Het is algemeen bekend dat een kapper een nevenfunctie heeft als praatpaal annex maatschappelijk werker. Klanten praten doorgaans honderduit onder het beschermende laken in de kappersstoel. “Maar ik liet op mijn beurt ook veel van mezelf zien. Zo creëer je immers het snelst een vertrouwensband met je klanten.” Ruud vindt het dan ook niet erg dat de ‘ondergrens’ van zijn clientèle bij 50 jaar lag. “Maar ook die leeftijdscategorie stuurde ik met een modern kapsel naar huis. Opgeknipt met de tondeuse of de scheiding strak afgewerkt met een mesje, soms met een figuurtje erin. Om hen te belonen voor hun trouw naar mij toe, ging ik in geval van ziekte ook weleens bij hen thuis knippen of zelfs in het ziekenhuis.” Een goede hygiëne in de kapsalon heeft altijd hoog in zijn vaandel gestaan: “Elke dag dweilen en een schone kam voor iedere klant, daar ben ik nooit van afgeweken.”

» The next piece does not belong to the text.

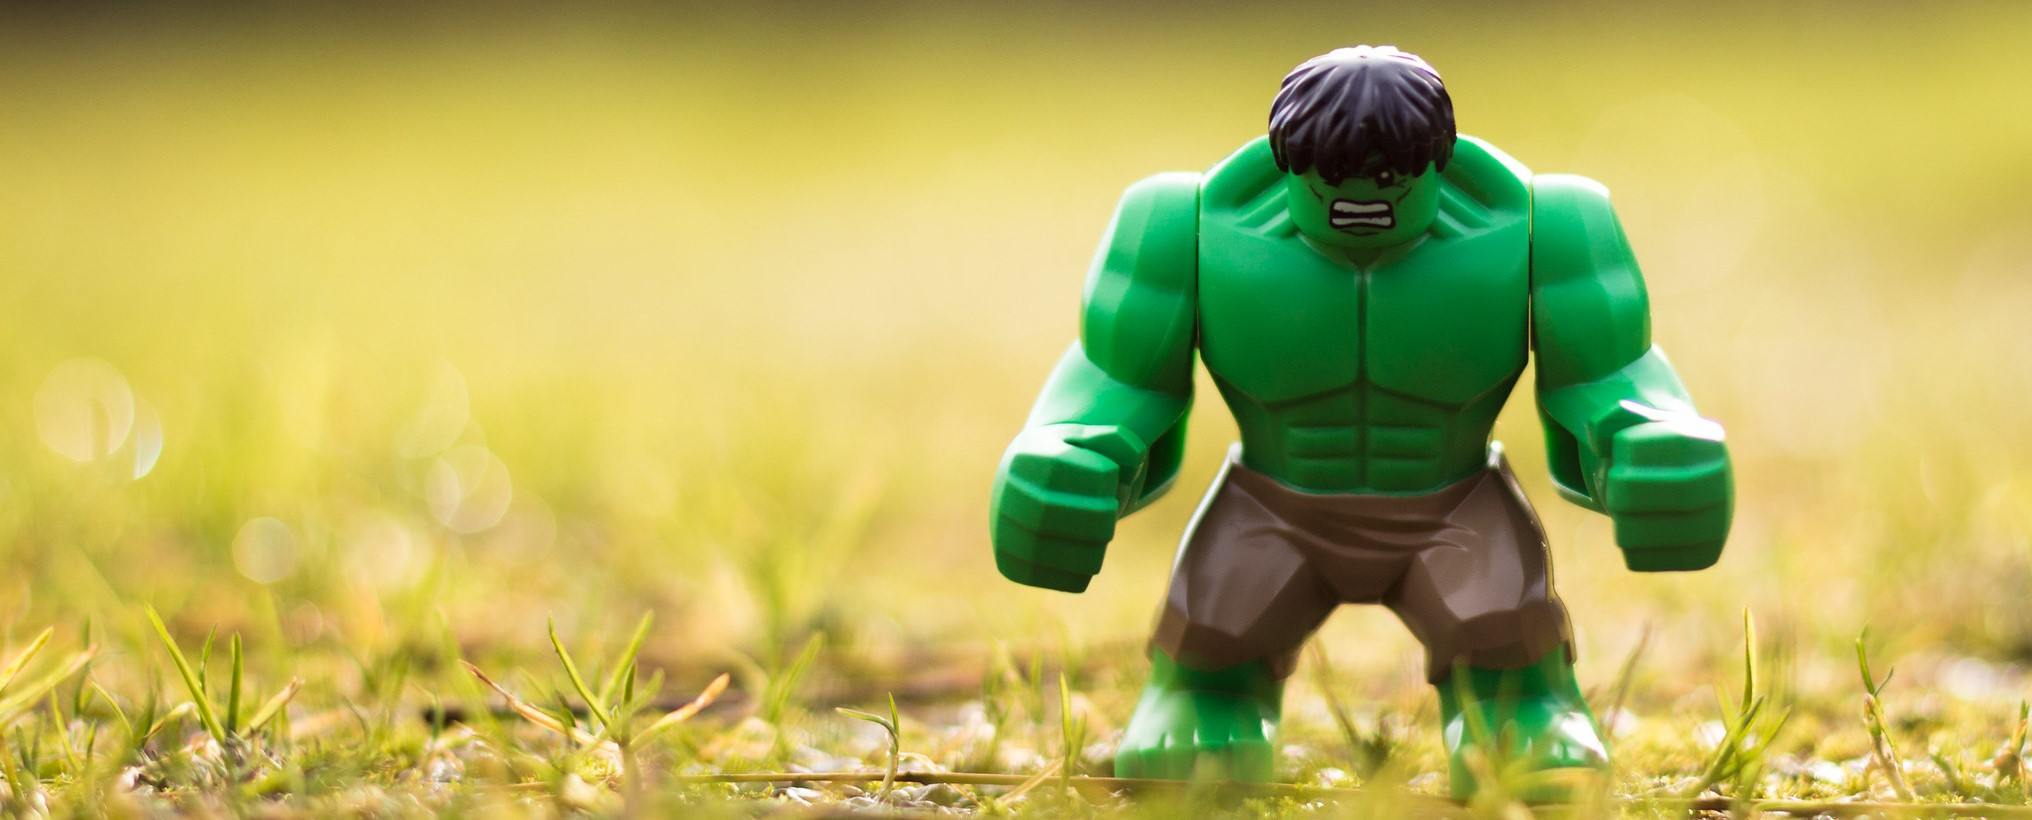 A photo of LEGO Hulk, who I don't think eats protein to look like that.

Het contact met de klanten, Ruud mist het nu al. “Het bezig zijn met mensen gaf me zoveel voldoening. Het werkte voor mij zelfs ook therapeutisch. Als ik me een dag lichamelijk of mentaal slecht voelde en geen zin had om te gaan knippen, viel die ellende – eenmaal bezig – binnen het kwartier van me af. Letterlijk en figuurlijk.” Het spreekwoordelijke zwarte gat dreigt voor de uitermate sympathieke Apeldoorner. “Ik ga hier niet de rest van mijn leven boven in de flat zitten, dat is zeker. Sowieso pak ik het FysioFitness weer op bij Isokin voor een beetje afleiding. En een maat van me heeft me al geattendeerd op jeu de boules bij de Bronkerk in Ugchelen. Weer een ander tipte me voor de schaakvereniging. Ik ga het de komende tijd allemaal eens rustig op een rijtje zetten.”
Maar zelfs een gelegenheidsterugkeer op het kappersfront lijkt niet helemaal uitgesloten. In zijn woonkamer staat nota bene een nog fraai uitziende, uitmuntend functionerende kappersstoel. Met een knipoog: “Ik kan hier wel met mijn handen in het haar gaan zitten, maar ik ben simpelweg geknipt voor dit vak. Dan is en blijft een scheiding daarvan toch lastig, haha.”